Сто двадцать четыре штуки… Цифра почти неподъемная. Надо поговорить с каждым… и сколько это займет времени?
Две машины в момент убийства числились в угоне. Это, с одной стороны, могло затруднить дело, а с другой — помочь. Они с них и начали. Один «форд» нашелся сразу — стоял чуть ли не поперек разметки на парковке перед зданием «Swedish Match».[14] С пустым бензобаком. Другая так и не нашлась. Это осложняло дело, но могло что-то и дать. Метод исключения… хороший метод. Но сто двадцать четыре исключения? Выяснить у каждого, где он был и чем занимался в определенный день и час? Всех выслушать, сделать выводы, понять, кто врет и почему…
Вот это и правда серьезная проблема — вруны. Люди врут, не только совершив что-то противозаконное. Они врут, потому что повели себя в какой-то ситуации аморально или неэтично по отношению к своим близким или работодателю… Это, конечно, нехорошо с их стороны, но законом не преследуется. И они приложат все усилия, чтобы скрыть правду — и даже если мы поймаем их на слове, это им ничем не грозит. И добровольно они не откроются — пусть убийца или насильник гуляет на свободе, им наплевать. Мало кто играет с открытыми картами. Но и в этом случае обнаружить крапленые карты ничуть не легче.
Скоро начнут поступать протоколы допросов водителей «фордов». Чтобы не пугать людей, эти допросы назывались беседами.
Он не находил себе места. В переносном «Панасонике» в который раз крутился диск Колтрейна, но и Колтрейн не приносил душевного равновесия. Он отбивал ритм указательным пальцем по столу. Соло на контрабасе Эрла Мея… студия Хакенсек, Нью-Джерси, 1957 год. Винтер никогда там не был. Надо же сохранить что-то и на потом.
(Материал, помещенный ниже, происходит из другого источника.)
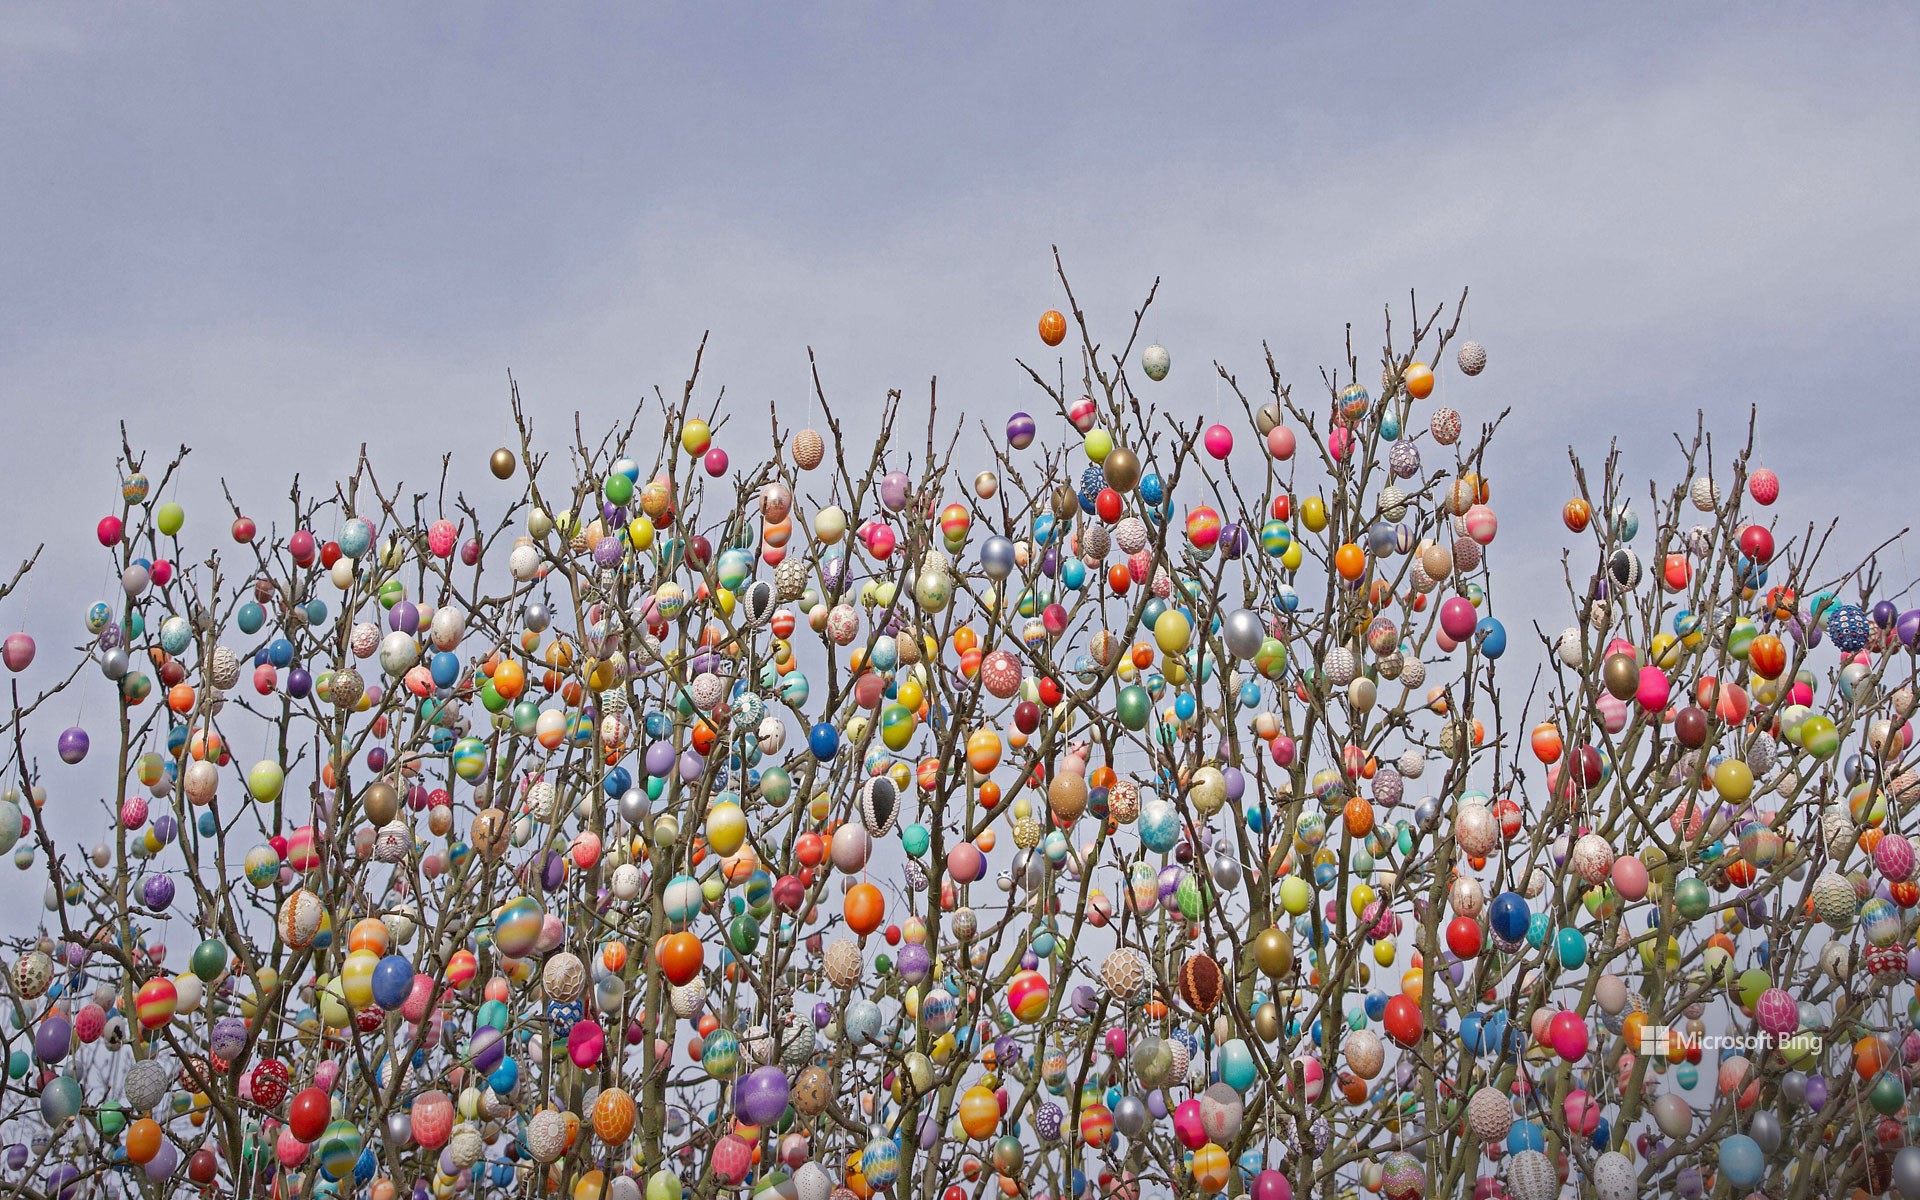 Ostereierbaum (Easter egg tree) in Saalfeld, Germany

Янне Меллерстрём появился, когда началось изысканное фортепианное соло Рея Гарланда.
— Уютно у тебя, — сказал он.
— Входит в условия работы.
— Разве что у шефов…
— Конечно. Только у шефов.
— И что это? — Меллерстрём кивнул в сторону «Панасоника».
— «Клэш».
— Что?
— «Клэш». Английский рок…
— Никакой это, к черту, не «Клэш». У меня есть их диск.
— Ладно, я пошутил. А ты что, не узнаешь?
— Кто-то здорово чешет на фоно. А теперь… труба. Должно быть, Герб Алперт.
Винтер засмеялся.
— Тихуана Брасс… Отец тоже его любил.
— Вот как?
— Да ладно… Я тоже пошутил. Не только же шефам шутить… Думаю, если слушатель — Винтер, то музыкант скорее всего Колтрейн.
— Конечно… но ты же не за тем явился, чтобы послушать Колтрейна.
— Пришло одно письмецо… хочу, чтобы ты на него взглянул.
Он передал Винтеру копию.
Винтер прочитал письмо и поднял глаза на Янне — бодр, как всегда. Его регистратор тщательно отбирает почту, причем Винтер прекрасно знал — у Янне какое-то особое чутье, которое часто, даже очень часто, оправдывалось.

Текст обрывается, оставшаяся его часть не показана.